This passage descends very rapidly, and is, I should suppose, about sixty yards long. Towards the end it narrows considerably, and terminates in a pool of clear water, about three or four feet deep. How far this pool extends, it is impossible to say. A canoe was once brought down by a arty for the purpose of examination, but they said, that after proceeding a little way the canoe would not float, and they were forced to return.

Their fears most probably led them to fancy so. I fired a pistol with a ball over the water, but the report was echoed from the after part of the

cavern, and not from the part beyond the water, so that I should not suppose the passage extended much farther than could be traced with the eye. The walls of this passage consist of a solid rock of limestone on each side, which appears to have been separated by some convulsion. The floor is of a deep sandy earth, and it has repeatedly been dug up for the purpose of getting salt-petre, with which the earth is strongly impregnated. The earth, after being dug up, is mixed with water, and when the grosser particles fall to the bottom, the water is drawn off and evaporated; from the residue the salt-petre is procured. There are many other caverns in this neighborhood; and also farther to the westward in Virginia; from all of them great quantities of salt-petre are thus obtained. The gunpowder made with it, in the back country forms a principal article of commerce, and is sent to Philadelphia in exchange for European manufactures.

'About two thirds of the way down this long passage just described, is a large aperture in the wall on the right, leading to another apartment, the bottom of which is about ten feet below the floor of the passage, and it is no easy matter to get down into it, as the sides are very steep and extremely slippery.

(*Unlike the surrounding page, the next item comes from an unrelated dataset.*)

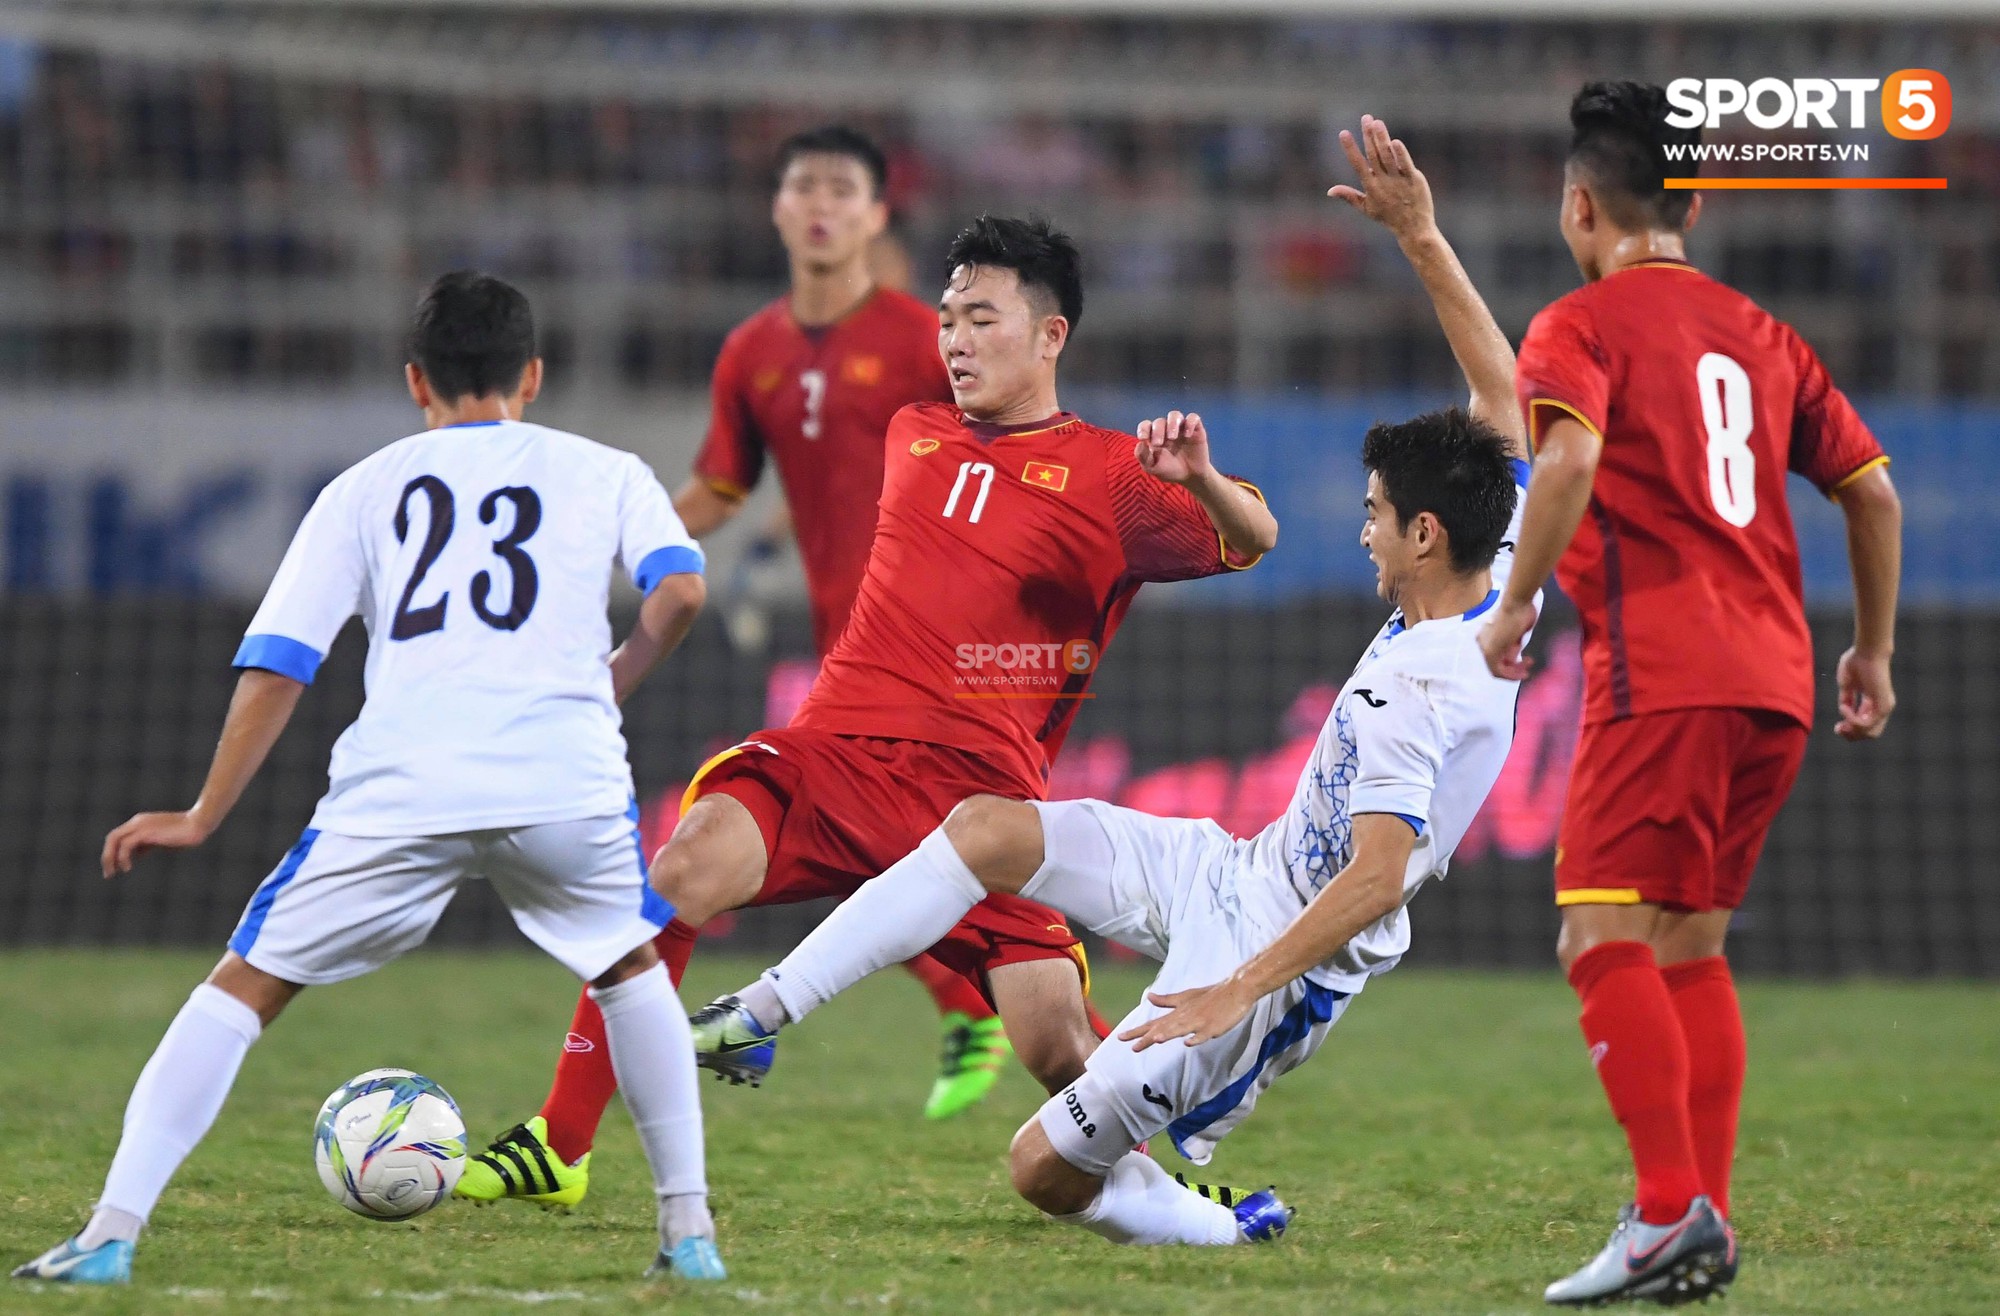 Văn Đức tỏa sáng với 1 pha xử lý đẳng cấp, U23 Việt Nam hòa U23 Uzbekistan trong trận đấu cuối cùng - Ảnh 8.

This is the largest and most beautiful room in the whole cavern ; it is somewhat of an oval form, about sixty feet in length, thirty in breadth, and in some parts nearly fifty feet high. The petrifactions formed by the water dropping from above are most beautiful, and hang down from the ceiling in the form of elegant drapery, the folds of which are similar to what those of large blankets or carpets would be, if suspended by one corner in a lofty room. If struck with a stick, a deep hollow sound is produced, which echoes through the vaults of the cavern.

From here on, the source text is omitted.